Algunos se empeñan en coartar a sus antiguos empleados, la posibilidad de conseguir un nuevo trabajo, qué podría suceder


Hay una clase de hombres que creen perseguir a la ex mujer o ex novia, hablando mal de ella, contando intimidades, diciendo a todo el mundo que es una esto o una aquello, para, de esa manera, quitarle posibilidades de conseguir un buen partido. Son macanas. ¿Se pelearon?, ya está, dejala que se mande a mudar tranquila, chau, chau, que te vaya bien, olvidate, concéntrate en lo tuyo.
Bueno, algunos empresarios santiagueños actúan como el novio o el marido despechado, sólo que lo hacen con los empleados que se van de sus firmas, sus comercios, sus compañías, sus sucursales, sus negocios. Por equis razones, el empleado presenta su renuncia o manda el telegrama anunciando que a partir de ese día no irá más. El dueño de la empresa no solamente no entregará una buena referencia de su antiguo empleado, sino que lo perseguirá dondequiera que consiga un trabajo, para amenazar a sus dueños: “O lo echan o ya saben”.
Perdone si suena mal, pero eso es de mal bicho, de gente de mala entraña, de reverendos malnacidos. Hay dos o tres en Santiago que actúan de esa manera. Aducen que ellos los formaron, muchas veces sostienen que les enseñaron a trabajar, los instruyeron sobre el oficio, por lo que no debieron haberlos dejado. Y cada vez que les pidan referencias, lanzarán un anatema contra aquel que, según ellos, se portó mal: “El que lo tome me perderá como cliente /proveedor /distribuidor”.
A veces se trata de gente que gana millones de pesos por día, tiene empresas que emplean a cientos de trabajadores, se codea con lo más granado de la política, las finanzas, el arte, la religión, el deporte, pero recuerda, con una fijación digna de otras causas, a aquel que supuestamente fue ingrato porque lo dejó de manera injusta, según calculan.

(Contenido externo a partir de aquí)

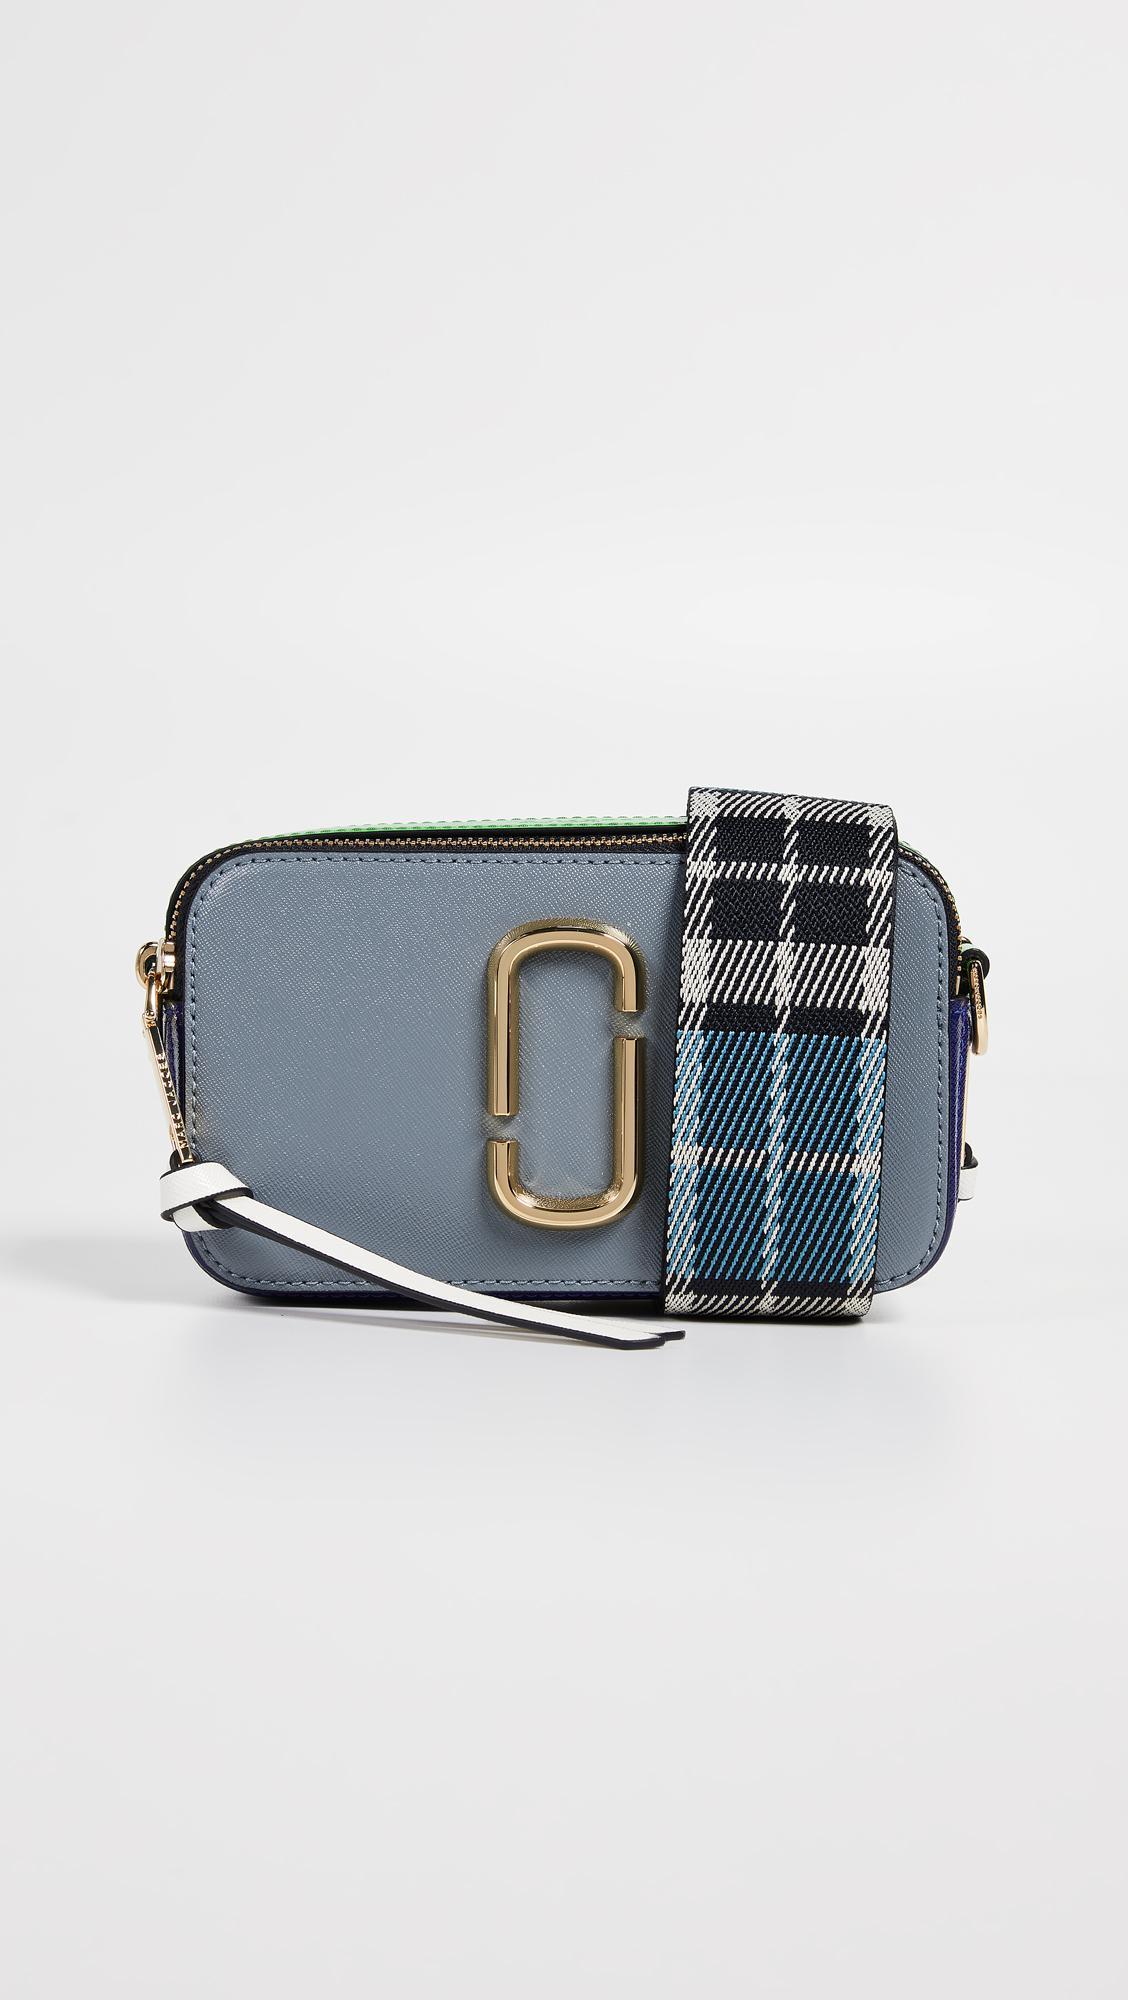 44bfcd4358c8 Marc Jacobs. Women s Snapshot Camera Bag

Oiga, el tipo a quien persigue trabajó, se sacrificó, puso el hombro para la empresa y, por hache o por be, un día decidió buscar otros rumbos. Es cierto que aprendió a trabajar en esa camisería, en esa talabartería, en lo que fuere, pero el otro no le enseñó gratis ni porque es buenito, su tarea lo ayudó a sacar adelante el negocio. Uno y otro se favorecieron mutuamente. Entonces, ¿por qué perseguirlo?, ¿por qué ensañarse?, ¿por qué tener tan mala entraña?, ¿por qué ser tan vil, rastrero, despreciable?
Además, el que se fue, puede ser que si lo persiguen le cueste más conseguir un trabajo, pero igual va a seguir viviendo y de alguna manera se arreglará para salir adelante, aunque el otro crea que le coartó toda posibilidad de hacerse de un nuevo empleo.
Y quedará odiándolo para todo el viaje.
Mire, es poco probable que se vuelvan a cruzar, pero la vida tiene tantas vueltas que, por ahí, quién le dice, el que ahora es un adinerado hombre de negocios, en una particular encrucijada de sus quehaceres necesita del otro como última tabla de salvación. ¿Qué cree que va a pasar?
Lo dejo a su criterio, según dijo una famosa de la tele.
Juan Manuel Aragón
A 8 de septiembre del 2024, en El Mojón. Leyendo al cura Castellani.
Ramírez de Velasco®

Comentarios

  1. Una Gran Realidad. Para tener en cuenta. Juan Manuel ...siempre pone..." El dedo en la Llaga."..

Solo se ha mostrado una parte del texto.